A new report issued by three organizations said that classification of port truckers as independent contractors rather than employees is costing $1.4 billion in lost tax revenue and wage and hour violations.

Curtis Whalen, who heads American Trucking Associations’ Intermodal Motor Carriers Conference was dismissive of the report from the National Employment Law Project, Los Angeles Alliance for a New Economy and Change to Win Strategic Organizing Center.

The report, which aligns with the Teamsters union’s ongoing campaign to make port truckers into employees, labeled the independent contractors an “industrywide scam.”

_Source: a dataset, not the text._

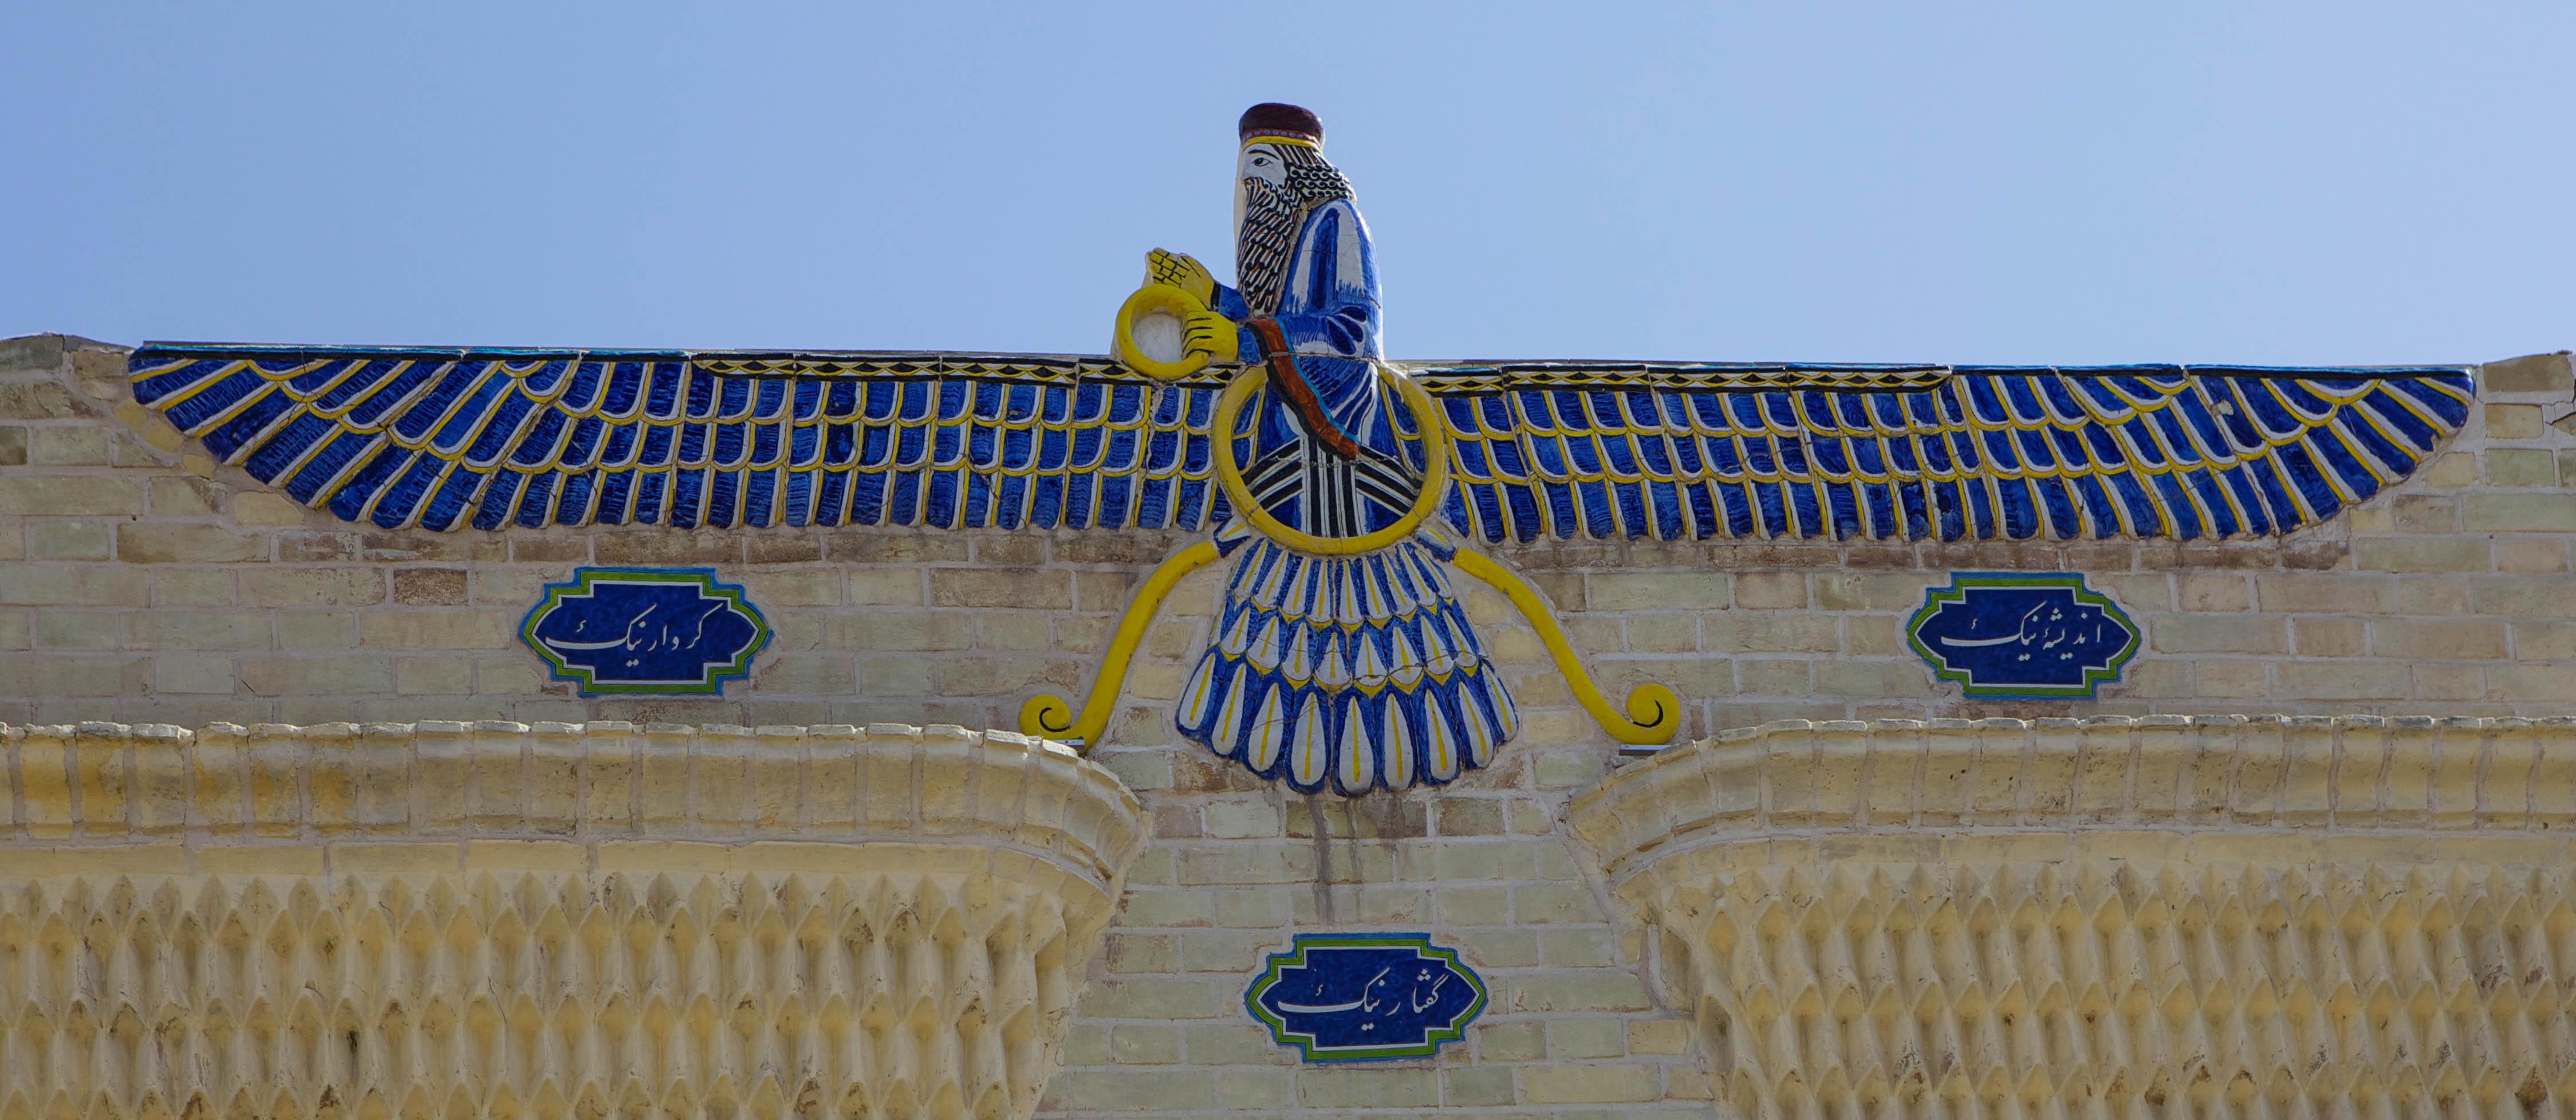 A Faravahar Symbol In A Fire Temple Illustration Ancient History

The $1.4 billion total comes from a combination of lost revenue to various government agencies who usually receive taxes from employees and employers, along with wage and hour violations, the groups said, “with non-quantified costs likely exceeding the figure significantly.”

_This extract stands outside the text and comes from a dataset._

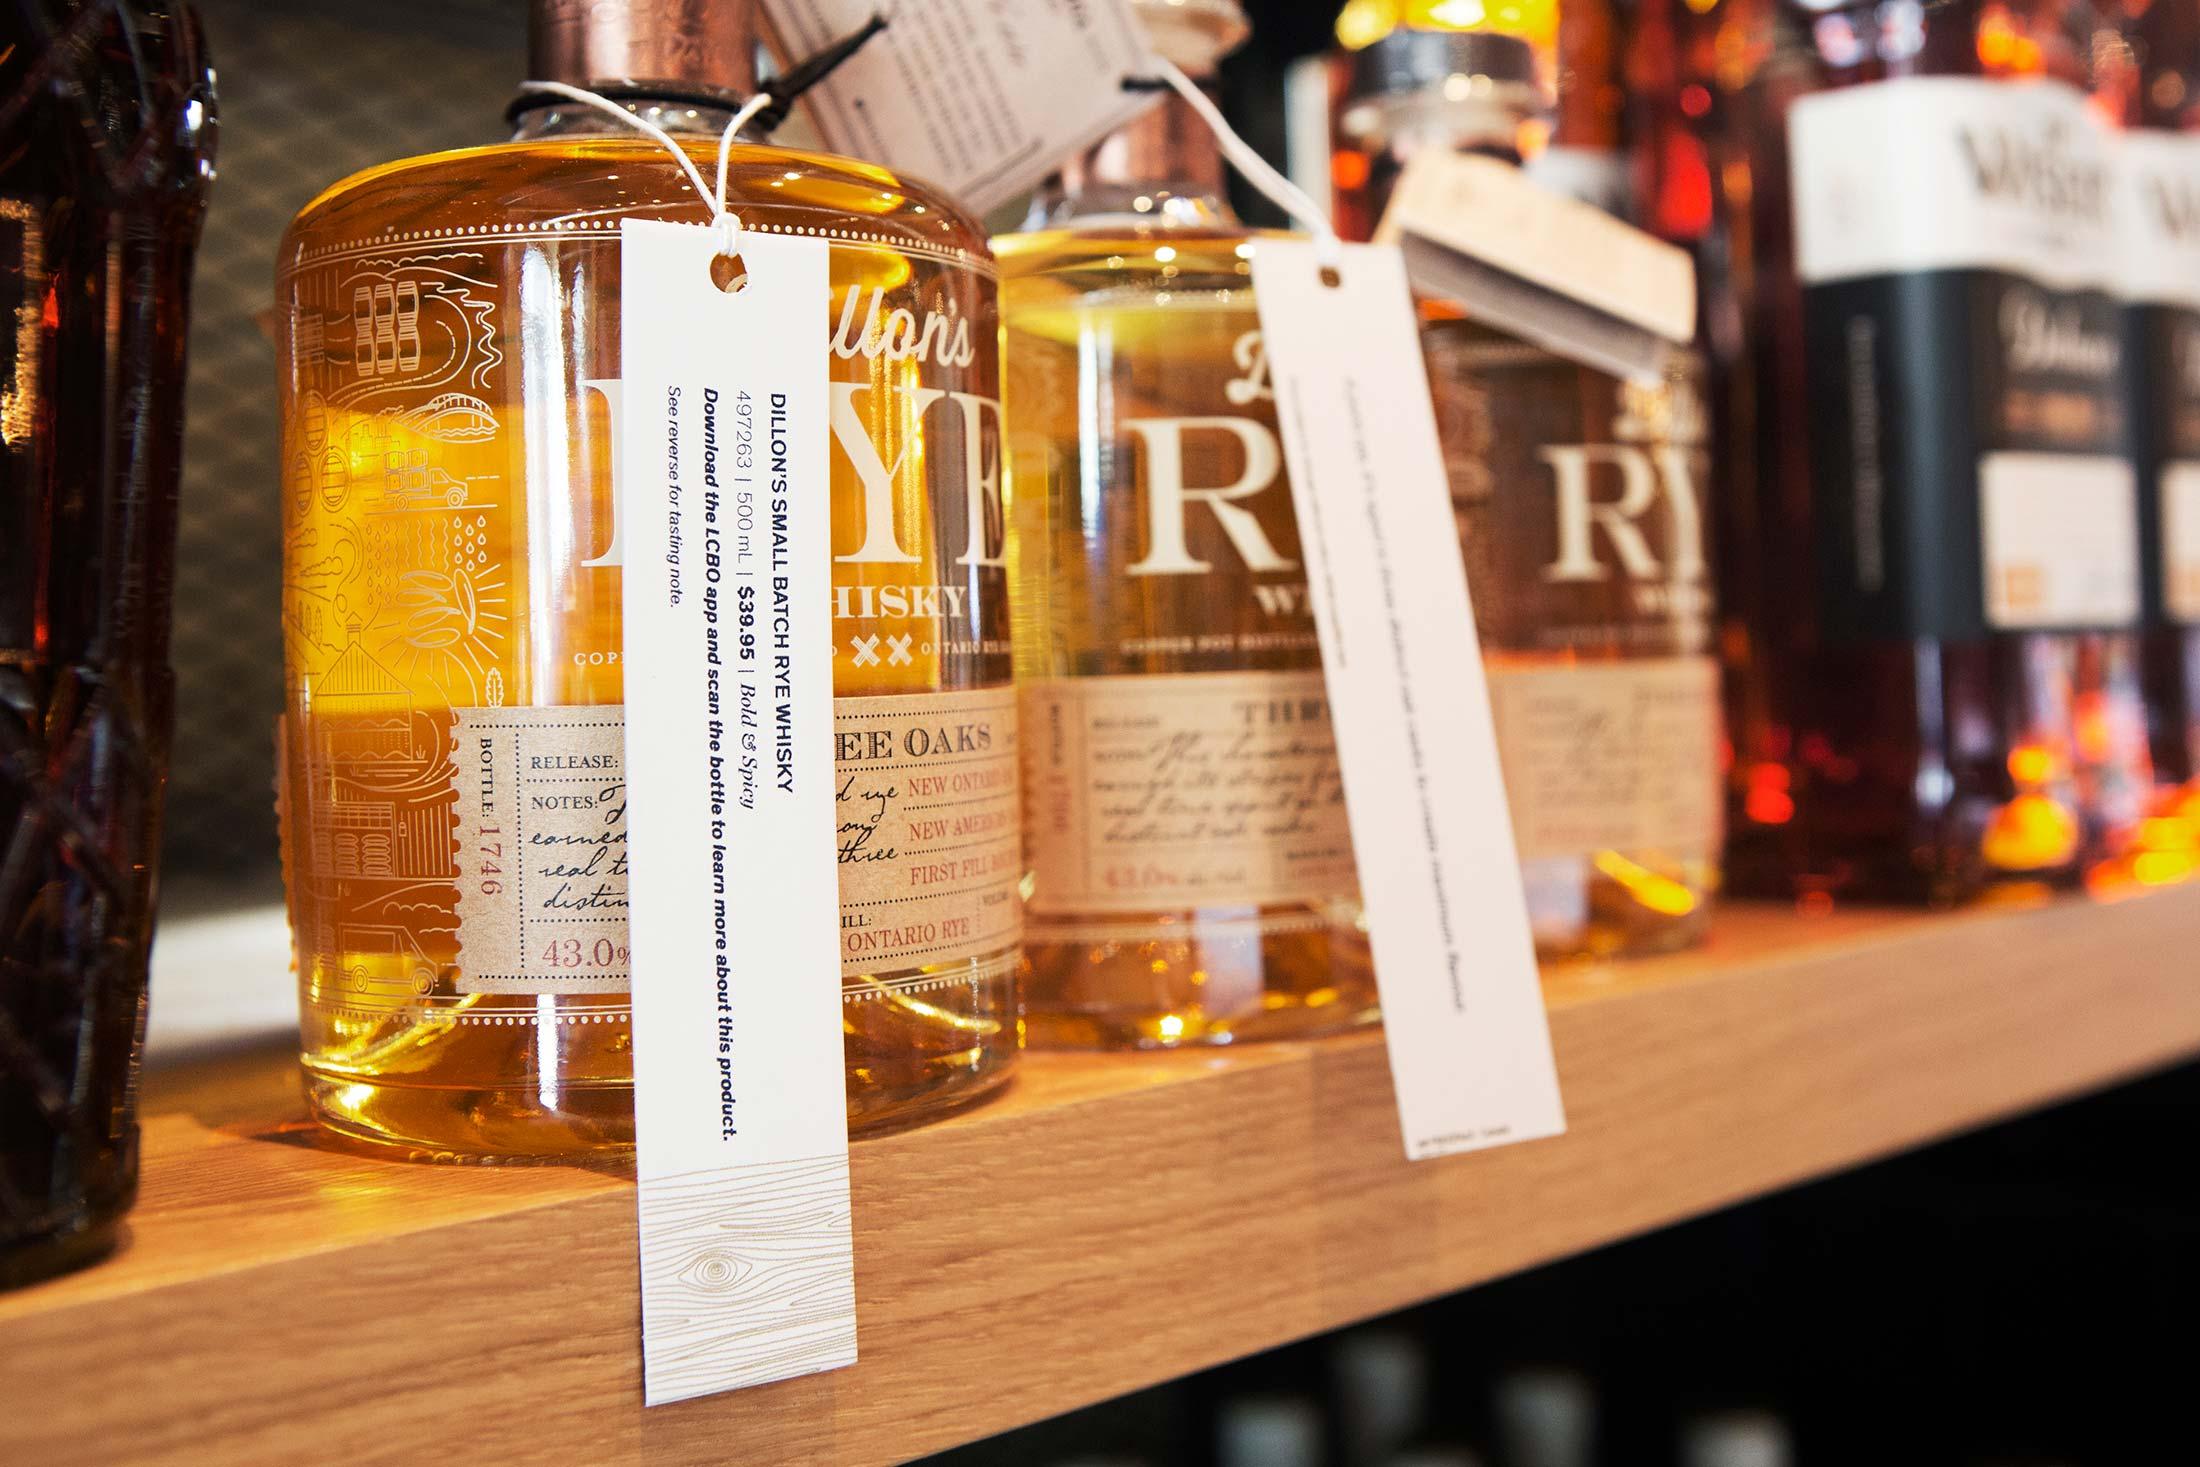 LCBO-whisky-bottles-pop-up-Toronto-Sputnik-Design-Partners.jpg

“The [Teamsters] are just trying to generate interest and concern for their cause,” Whalen told Transport  Topics. “They have been very, very unsuccessful in convincing independent truckers to become employees, so they are making up facts and figures. This is an ongoing battle that shows the desperation of the union.”

Whalen said members of his group have been harassed in states such as California with requests for driver-related data, though there has never been substantiation of charges against the fleets.

In a statement, Teamsters Vice President Fred Potter, who heads the union’s organizing effort, said that companies are “harassing, intimidating and even firing drivers who have filed claims with the government.”